Collected material ▸
┏━━

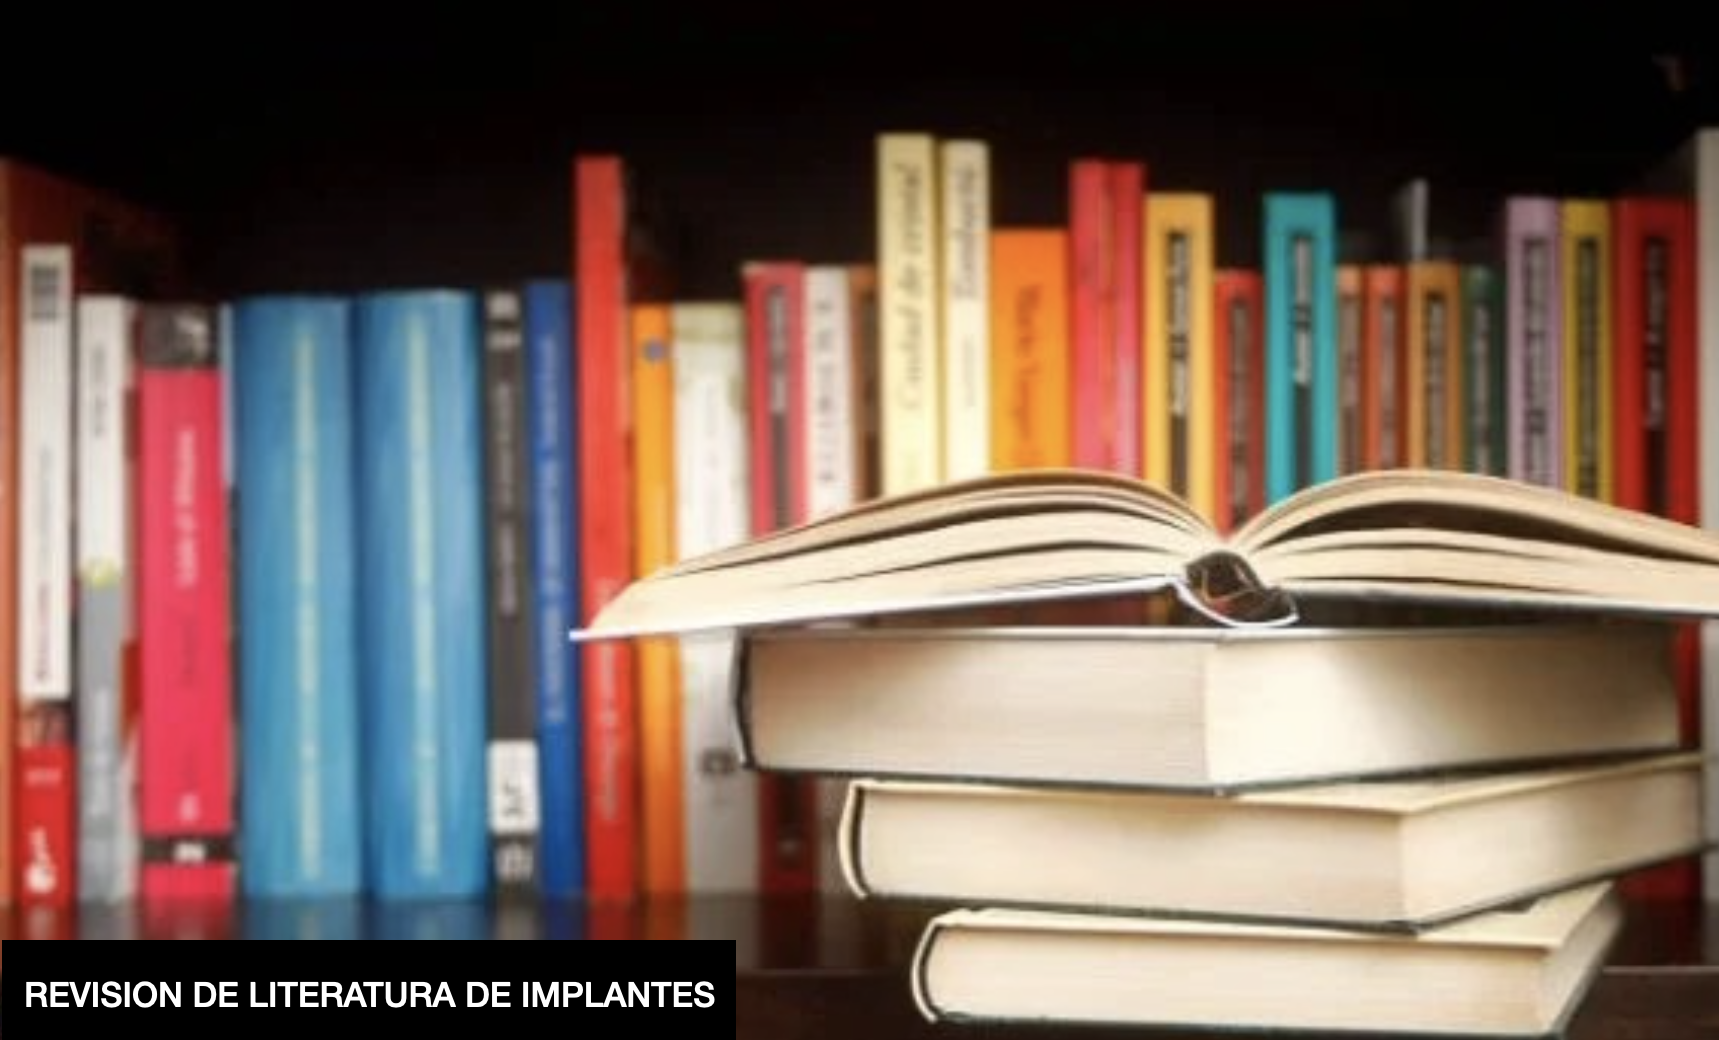 Course Image REVISION DE LITERATURA DE IMPLANTES TENDENCIAS ACTUALES
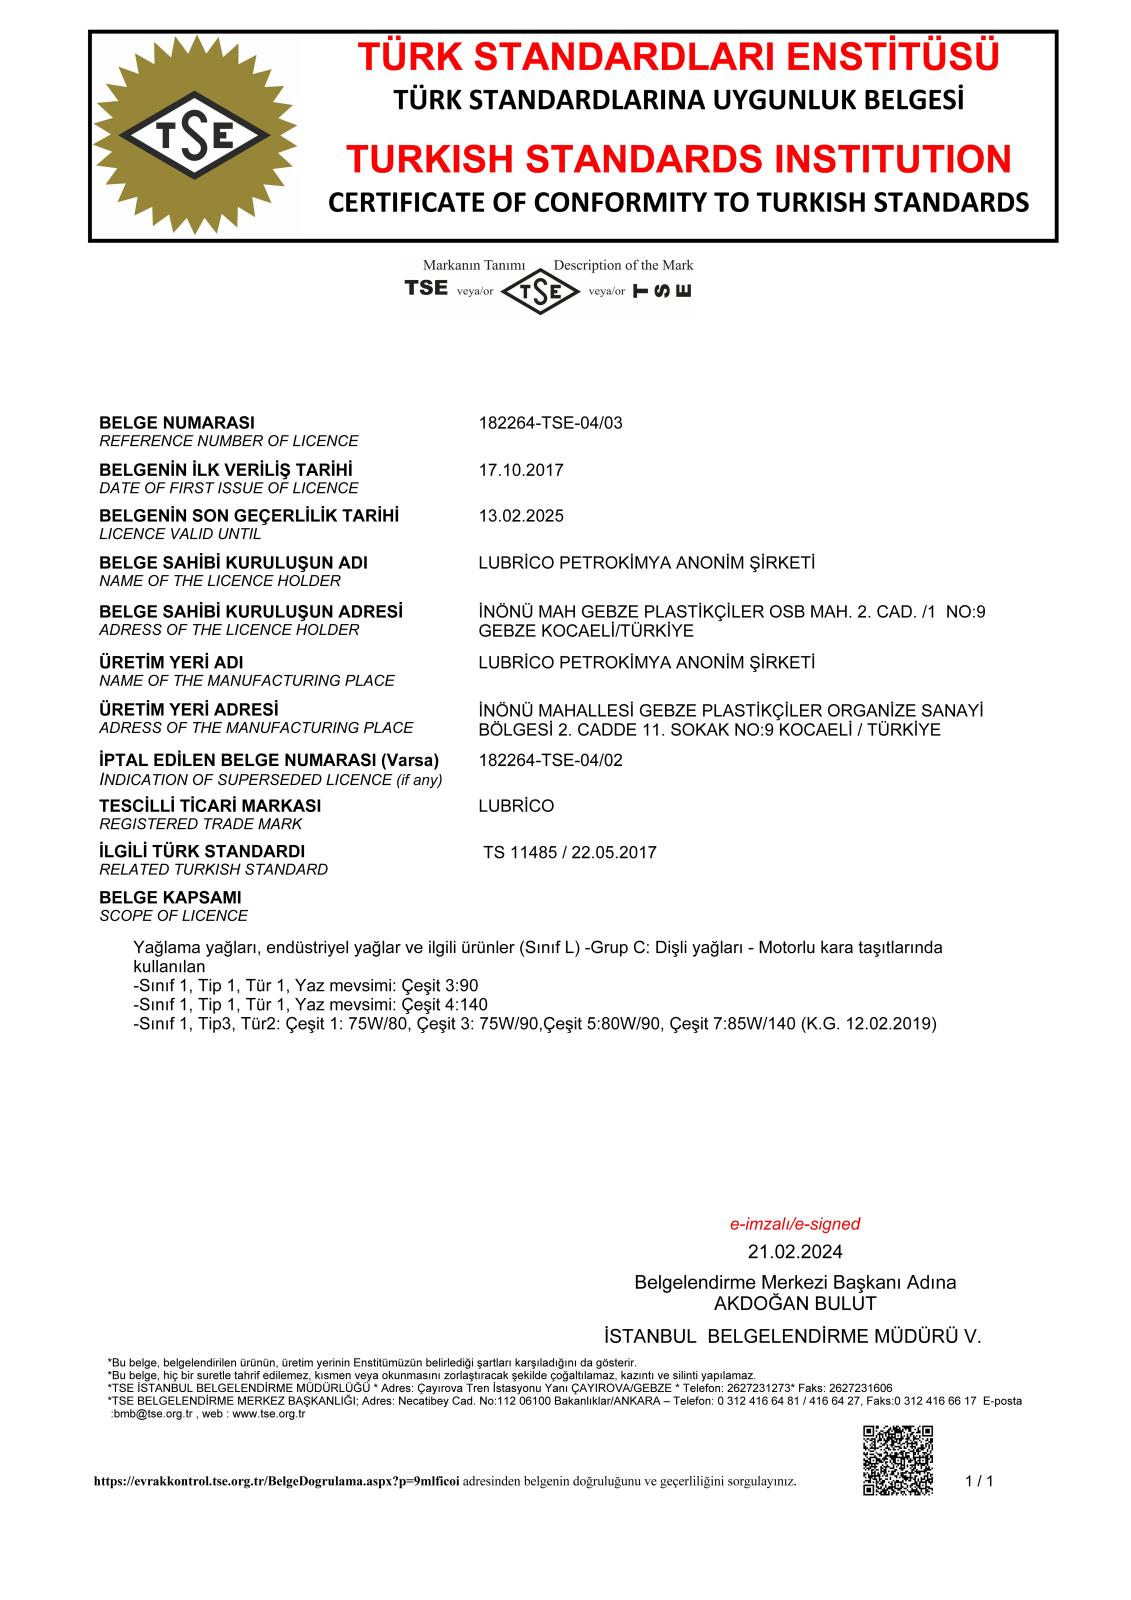 TSE Certificate of Conformity TS 11485
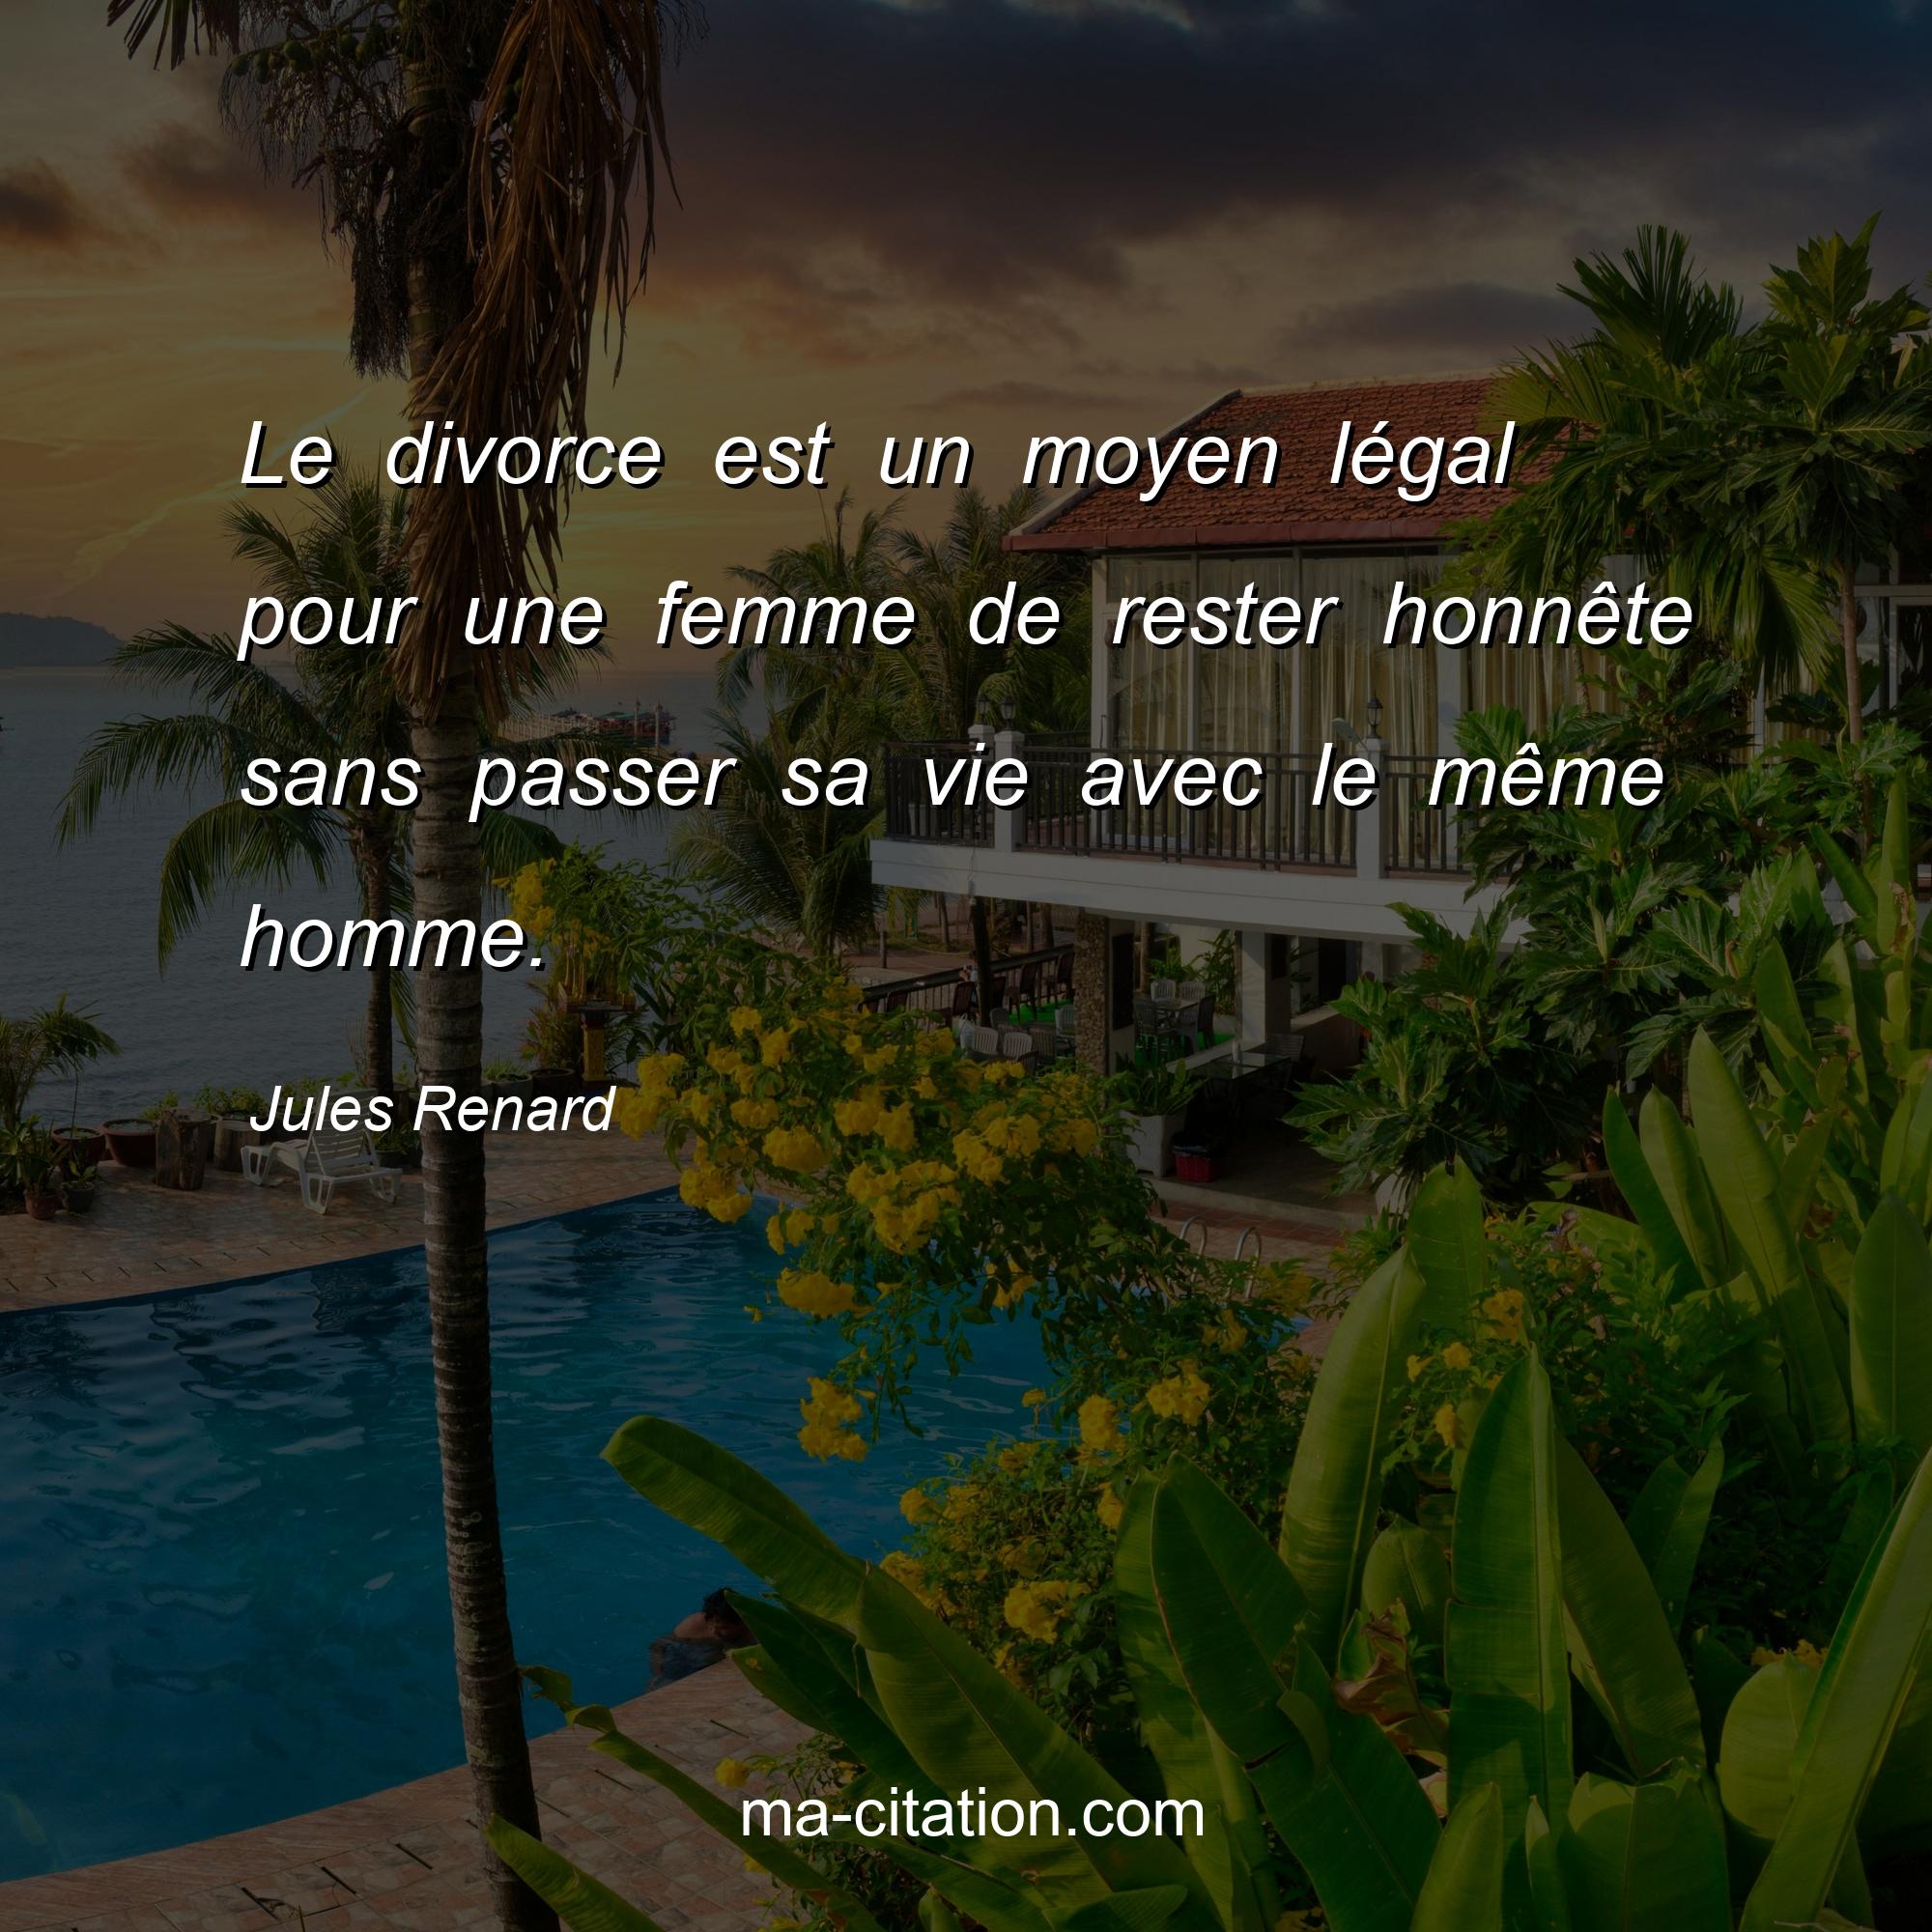 Jules Renard : Le divorce est un moyen légal pour une femme de rester honnête sans passer sa vie avec le même homme.

┗━━

Exercise goal ▸ Please copy out the material above exactly, with the images removed.

Written reply ▸
 Course Image REVISION DE LITERATURA DE IMPLANTES TENDENCIAS ACTUALES
 TSE Certificate of Conformity TS 11485
 Jules Renard : Le divorce est un moyen légal pour une femme de rester honnête sans passer sa vie avec le même homme.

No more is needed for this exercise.